В голове его крушила метель. То шумели, бранились и кляли друг друга персонажи придуманных им повестей и комедий — купцы и купчихи, озорные молодцы из торговых рядов, изворотливые свахи, приказчики, купеческие сдобные дочки иль на все готовые за стопку радужных ассигнаций судейские стряпчие... К этой неведомой стране, называемой Замоскворечьем, где обитали те персонажи, лишь слегка прикоснулся однажды великий Гоголь в “Женитьбе”, а ему, Островскому, может быть, суждено рассказать о ней все досконально, в подробностях... И, право же, экие вертятся у него в голове свежие сюжеты! Какие маячат перед глазами свирепые бородатые рожи! Экий сочный и новый в литературе язык!

Достигнув дома на Яузе и поцеловав ручку маменьке с папенькой, садился он в нетерпении за обеденный стол, съедал что положено. И затем поскорей поднимался к себе на второй этаж, в свою тесную келью с кроватью, столом и стулом, чтобы набросать две-три сцены для давно им задуманной пьески “Исковое прошение” (так первоначально, в черновиках, называлась первая пьеса Островского “Картина семейного счастья”).

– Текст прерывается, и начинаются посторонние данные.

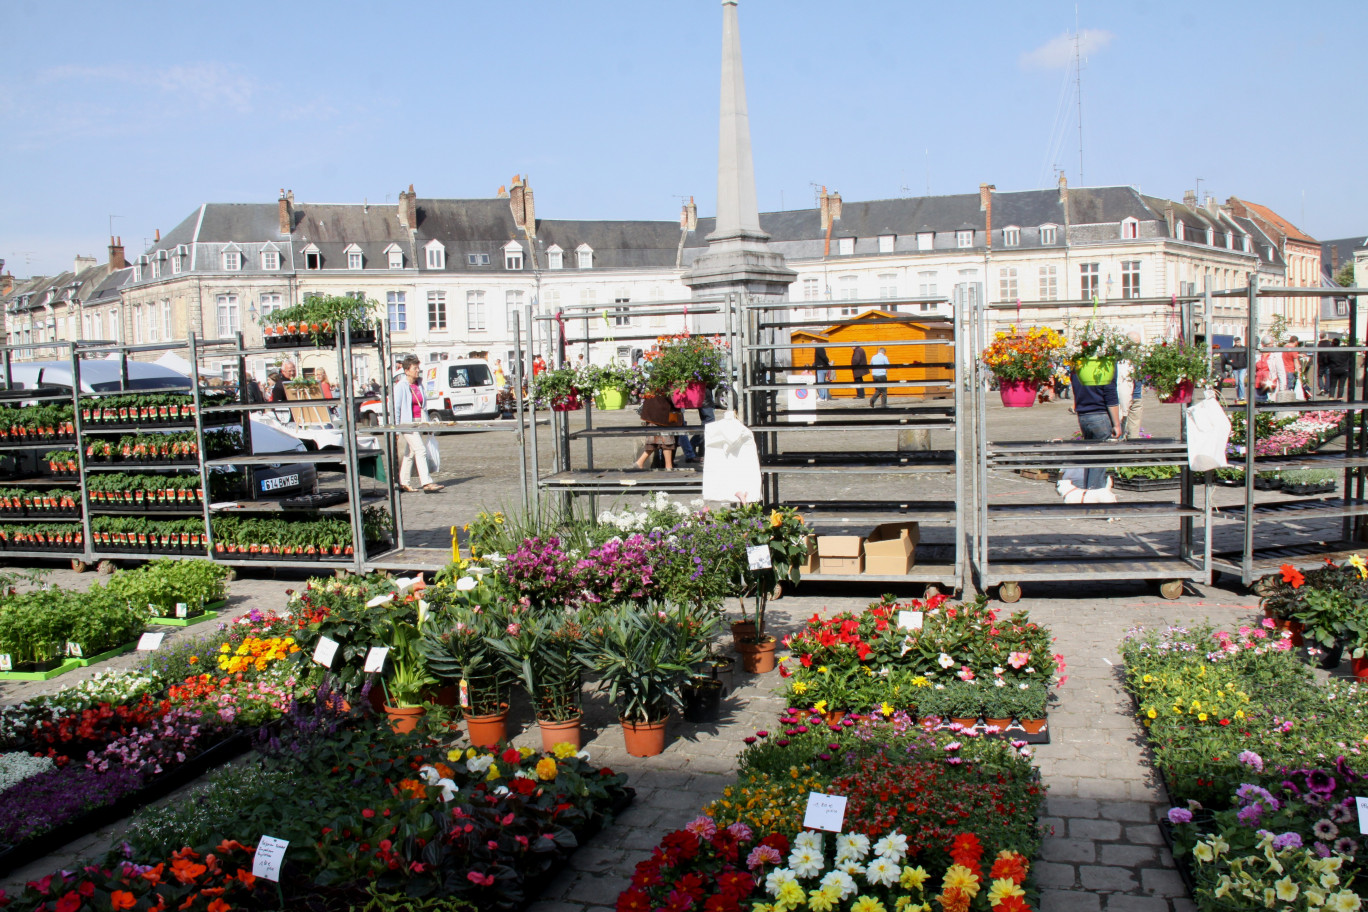 La place octogonale Victor Hugo d’Arras, ensemble architectural du XVIIIème siècle,  est le lieu idéal pour accueillir chaque année le marché aux fleurs du 1er mai.

Первое увлечение. Первые пьесы

...Была уже поздняя осень 1846 года. Городские сады, подмосковные рощи желтели и облетали. Небо хмурилось. Но дожди всё не шли. Было сухо и тихо. Медленно шел он от Моховой вдоль любимых московских улиц, наслаждаясь осенним, напоенным запахом палых листьев воздухом, шорохом проносившихся мимо экипажей, шумом вкруг Иверской часовни толпы богомольцев, нищих, юродивых, странниц, бродячих монахов, собиравших подаяние “на благолепие храма”, попов, за некие проступки отставленных от прихода и ныне “шатавшихся меж двор”, разносчиков горячего сбитня и прочих товаров, лихих молодцов из торговых лавок в Никольской...

Добравшись наконец до Ильинских ворот, вскочил он на проезжавший мимо экипаж и за три копейки проехал на нем некоторое время, а потом снова с веселым сердцем зашагал к своему Николоворобинскому переулку.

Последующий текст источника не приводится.